Researchers based at Swansea University and led by Dr. Amy Brown found that spoon-feeding babies negatively affects their ability to tell when they are full, The Telegraph reports.

“Our study indicates that taking a baby-led approach to weaning may reduce a baby’s risk of being overweight as they are in control of their food intake,” she was quoted as saying. “This results in the baby being better able to control his or her appetite which could have a long-term impact upon weight gain and eating style that may continue into childhood.”

Brown added, “There is increasing recognition of the role of feeding style during infancy upon how a child’s appetite and eating style develops.

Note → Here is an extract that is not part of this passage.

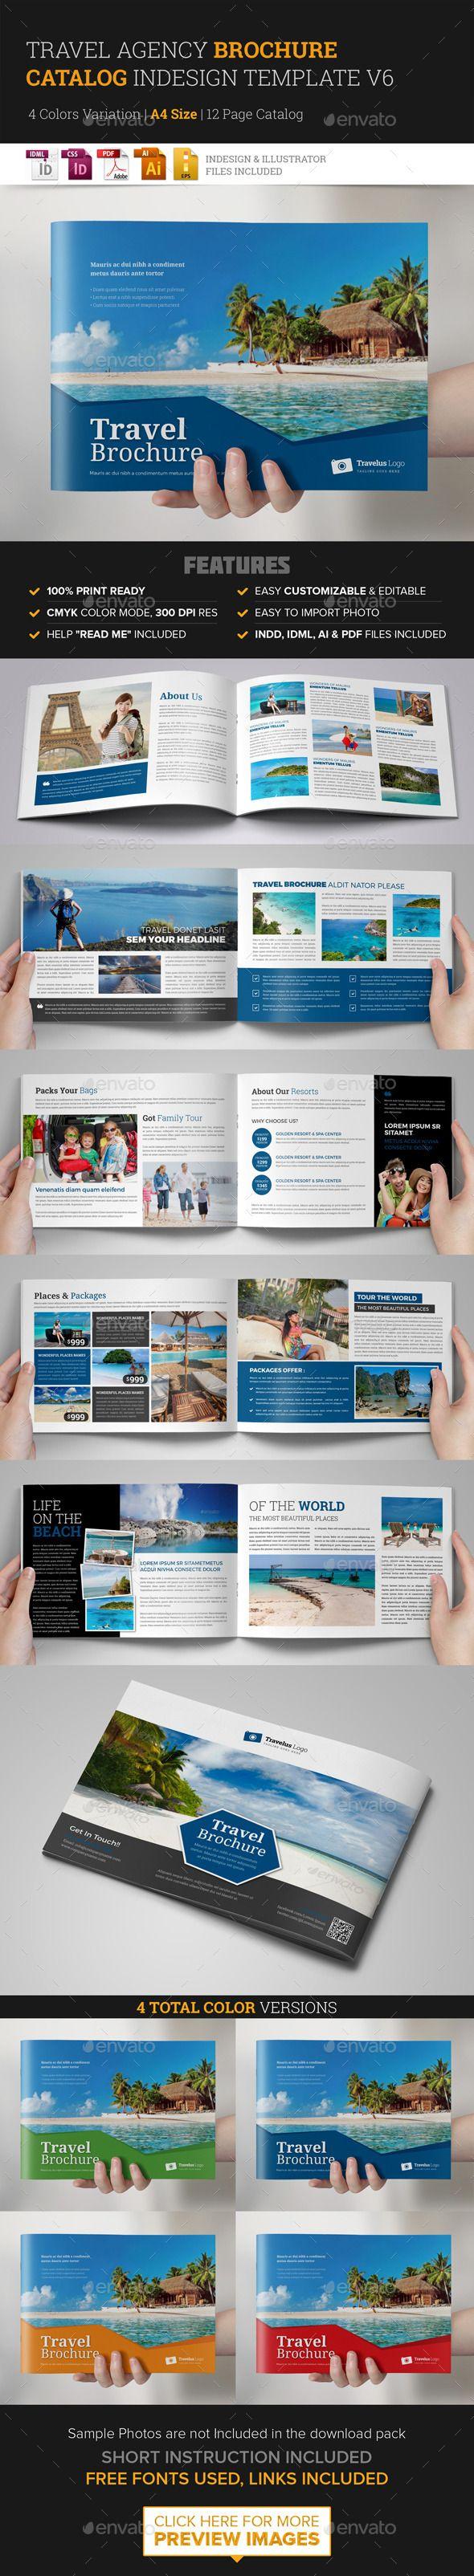 Travel Brochure Catalog InDesign Template v6 | Diseño editorial ...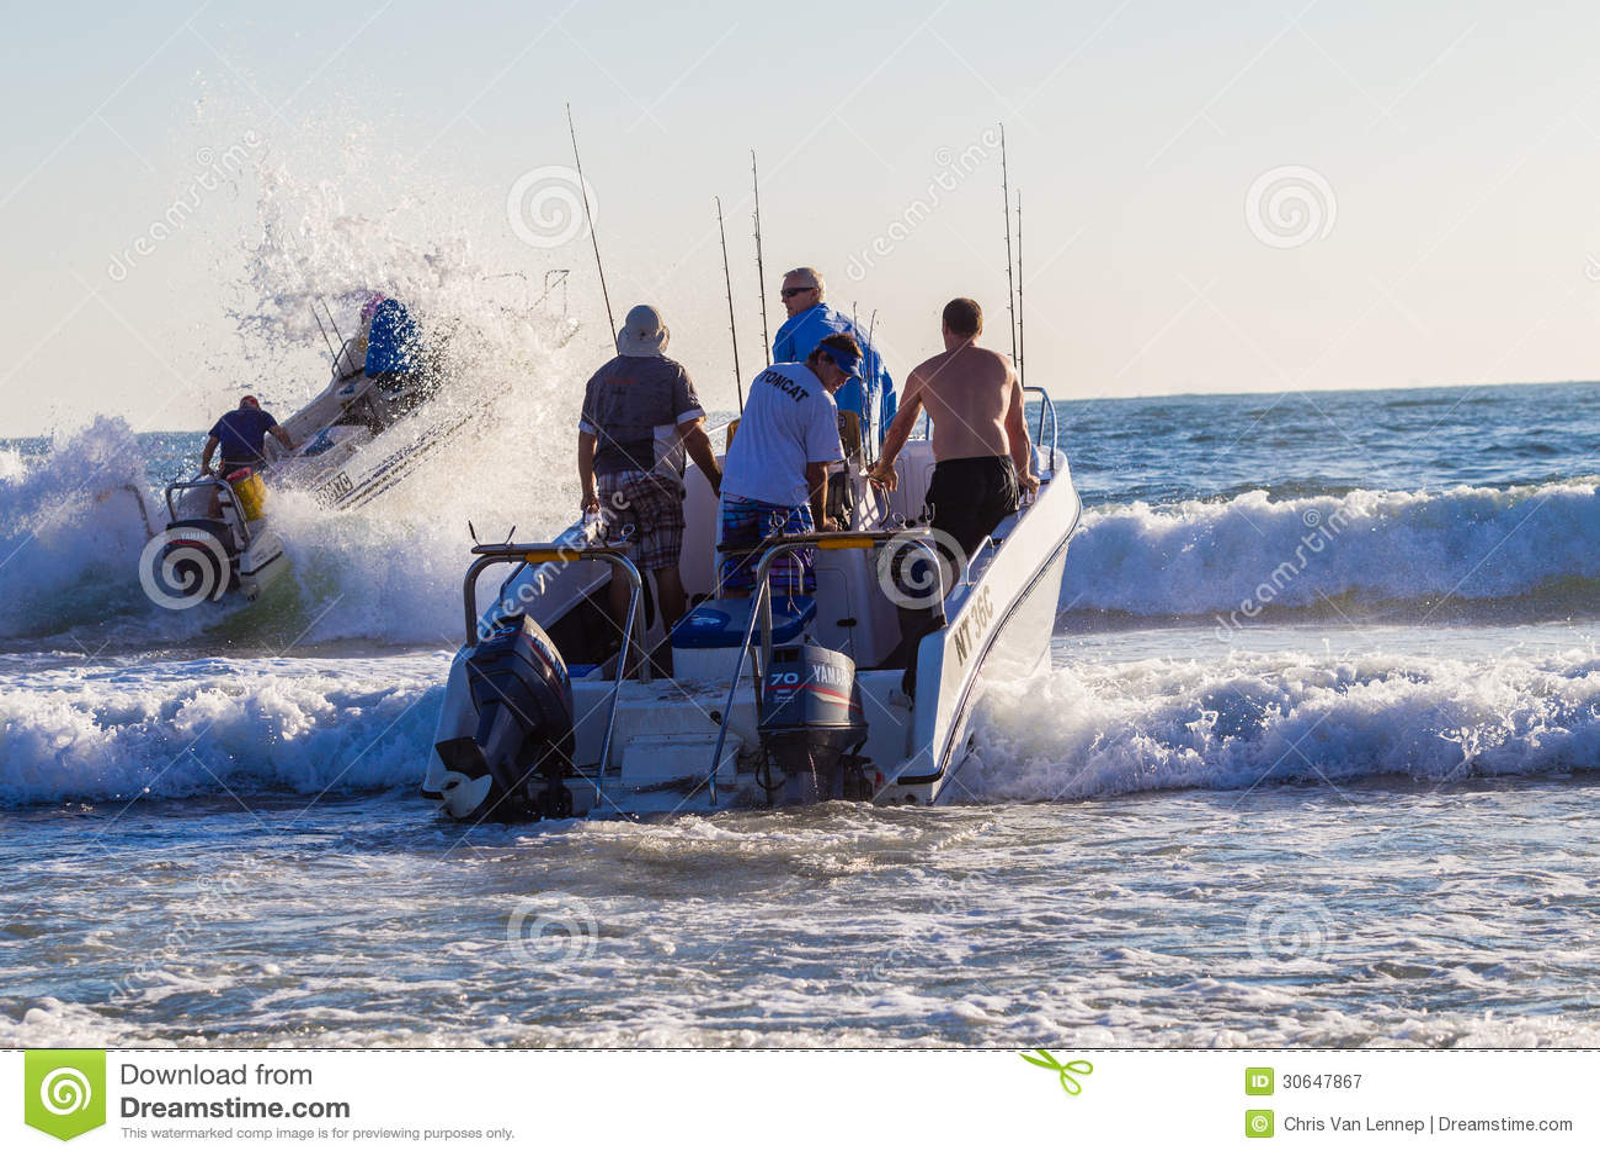 Fishing ski boats waves editorial photography image of for Fish and ski

Allowing the child to regulate their own appetite and not pressurizing them to eat more than they need is a really important step in encouraging children to develop healthy eating patterns for life.”

For the study, those involved monitored and compared the weights of babies fed by spoon to those fed using what researchers called a baby-led approach. In all, a reported 298 babies were observed.

Ultimately, the team found that babies allowed to feed themselves after weaning were “significantly more” likely to be able to stop themselves from overeating.

“This may be explained by the baby being allowed to handle foods, control their intake and eat at their own pace, alongside being exposed to a wider variety of tastes,” Brown said. “All of this may promote appetite regulation and healthy weight gain trajectories.”

It’s knowledge that may be useful in the United States, where an estimated 17 percent of children are obese – a number that has tripled over the course of a generation, according to the Centers for Disease Control and Prevention in Atlanta.

The study was published in the journal Pediatric Obesity.